» RECORDS
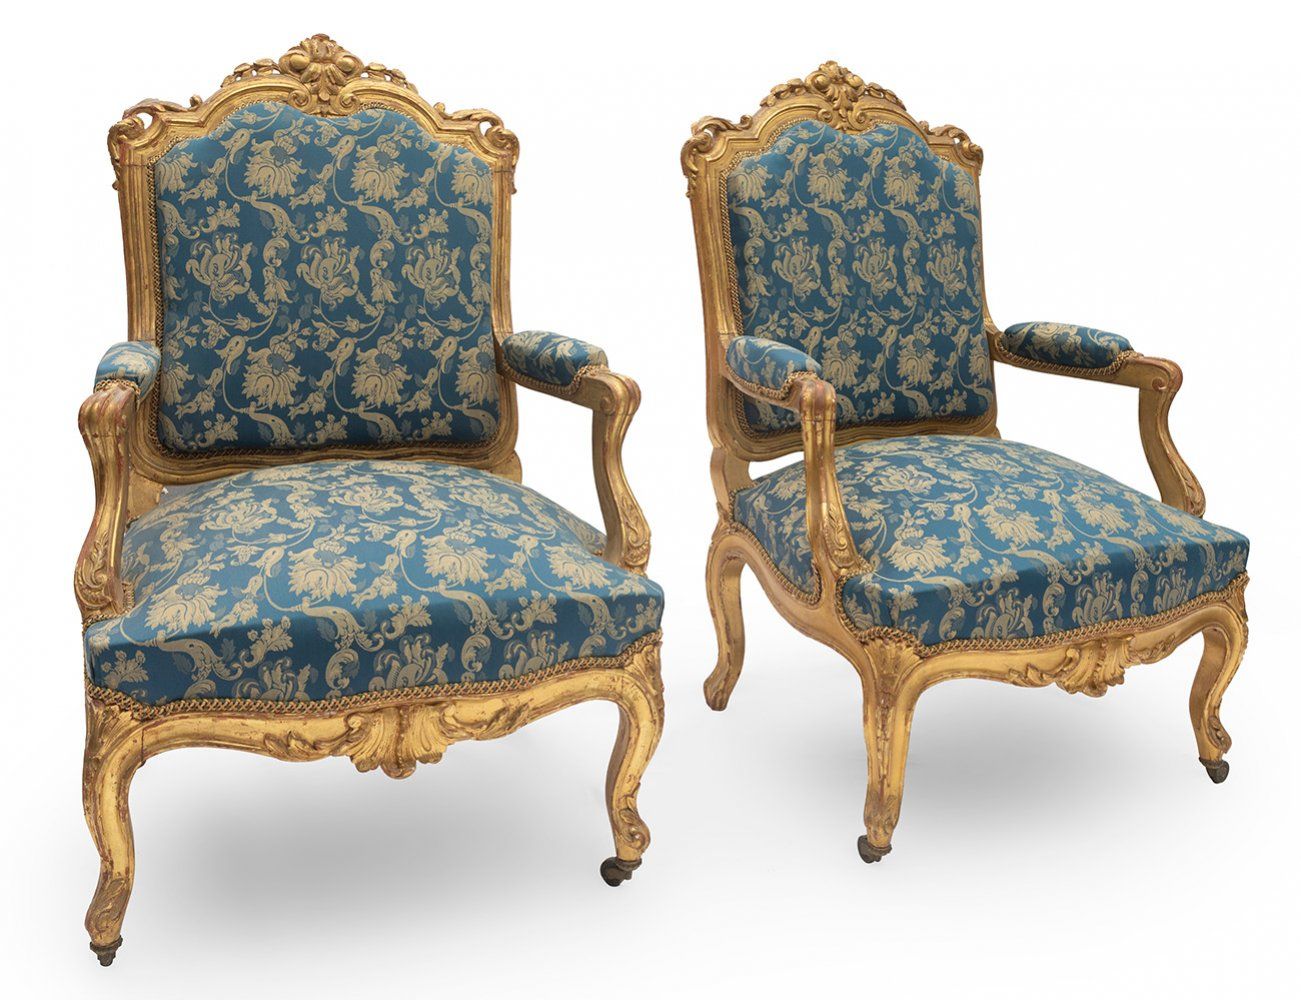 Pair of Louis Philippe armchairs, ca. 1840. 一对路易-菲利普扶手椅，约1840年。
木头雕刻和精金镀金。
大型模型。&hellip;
* * *
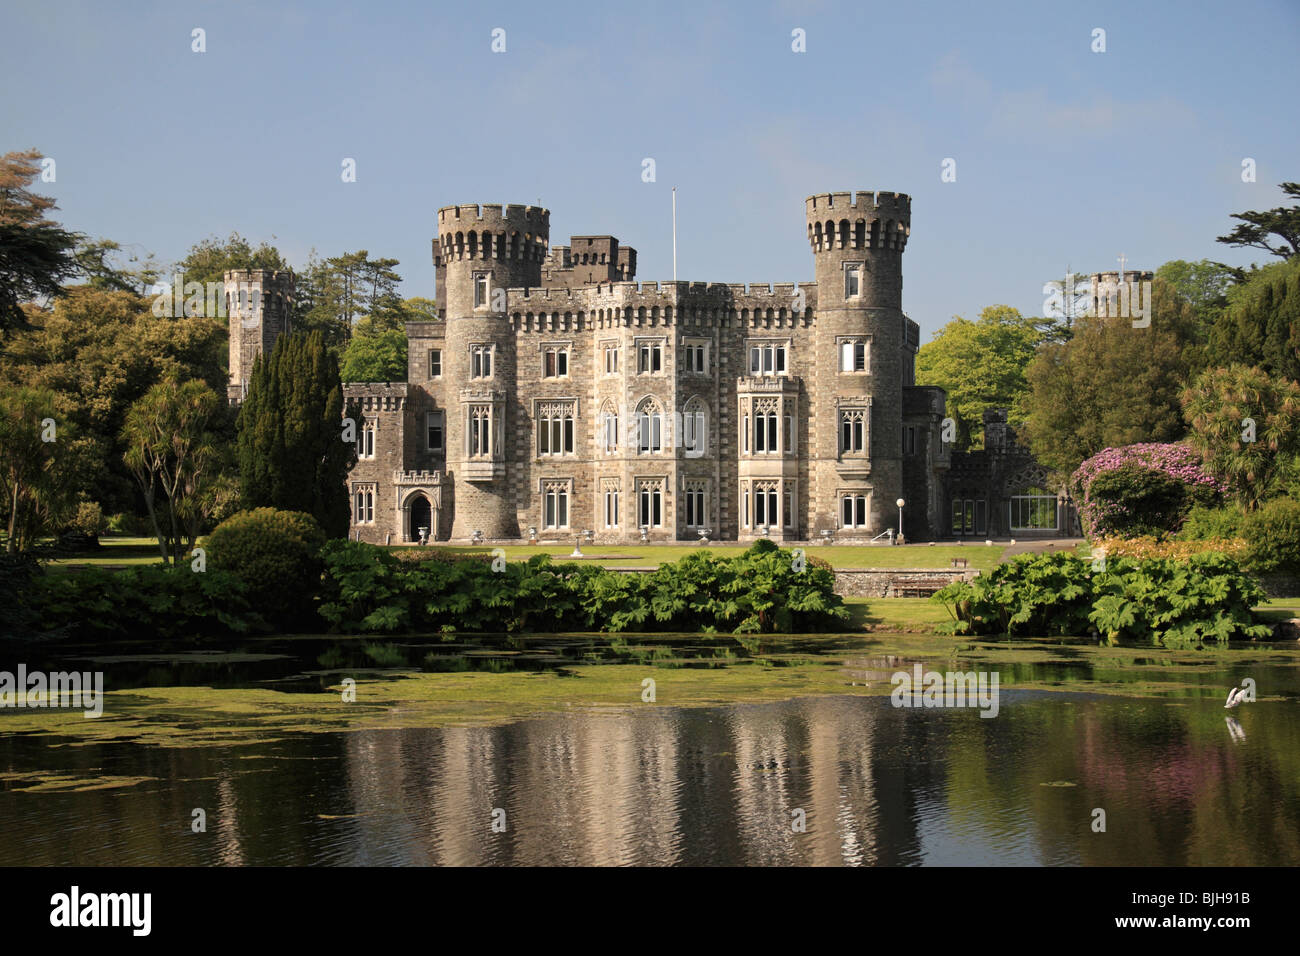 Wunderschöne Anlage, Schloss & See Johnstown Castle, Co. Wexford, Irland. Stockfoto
* * *
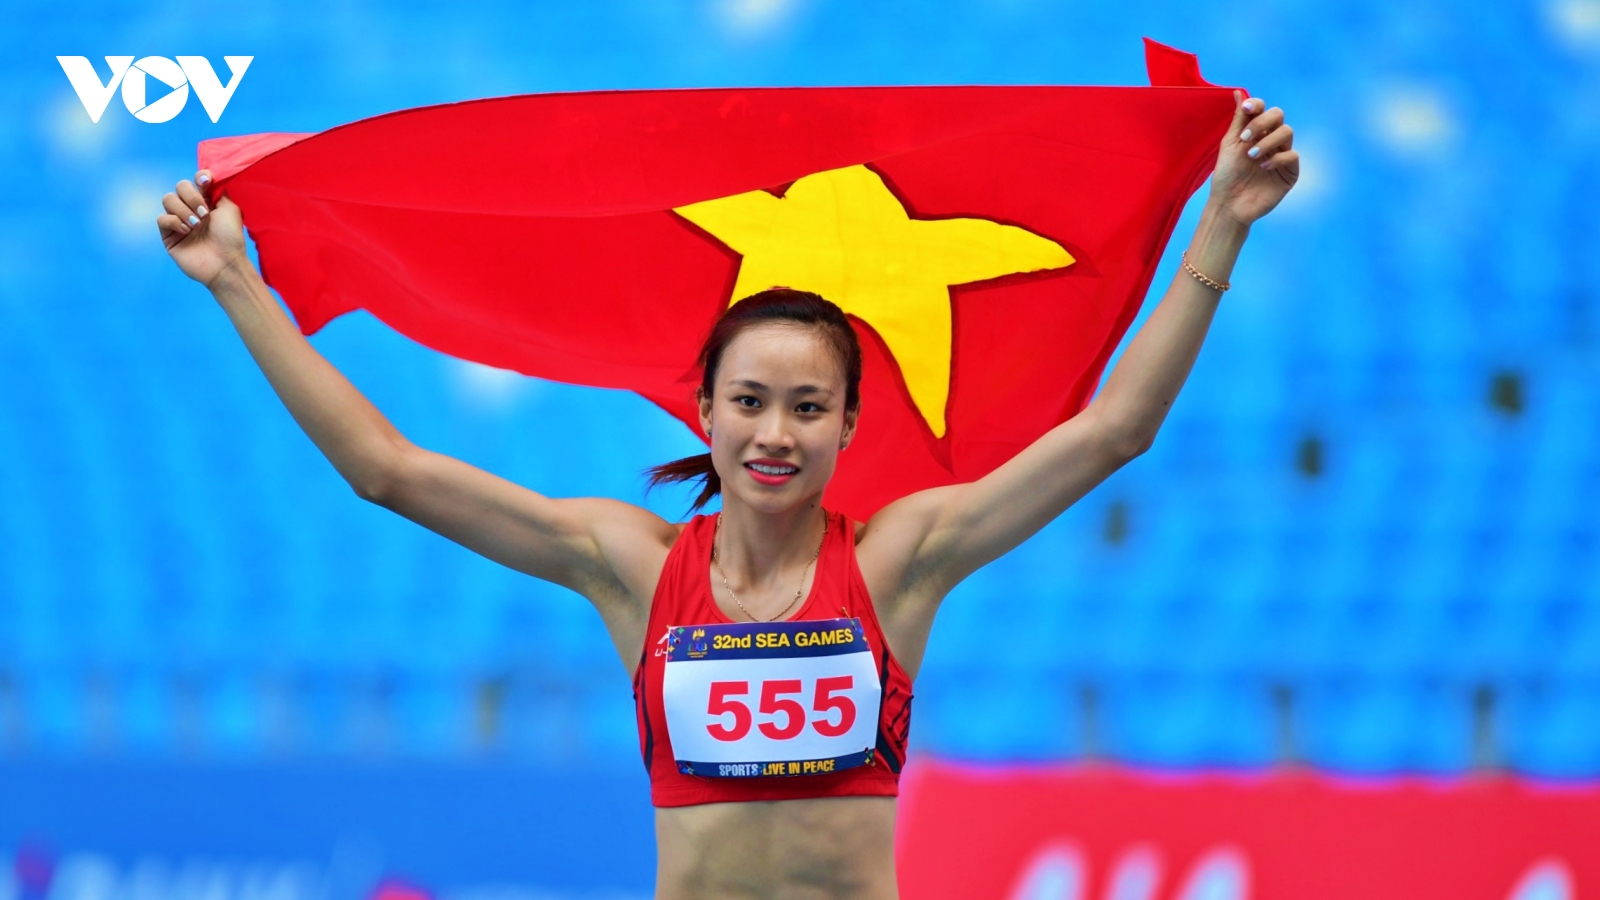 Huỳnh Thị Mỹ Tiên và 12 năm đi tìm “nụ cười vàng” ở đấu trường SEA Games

» TASK TO CARRY OUT
The output is the stretch above from the line with "Pair of Louis" through the line with "大型模型。&hellip;", copied word for word with both ends kept and every picture dropped.

» TASK ANSWER
 Pair of Louis Philippe armchairs, ca. 1840. 一对路易-菲利普扶手椅，约1840年。
木头雕刻和精金镀金。
大型模型。&hellip;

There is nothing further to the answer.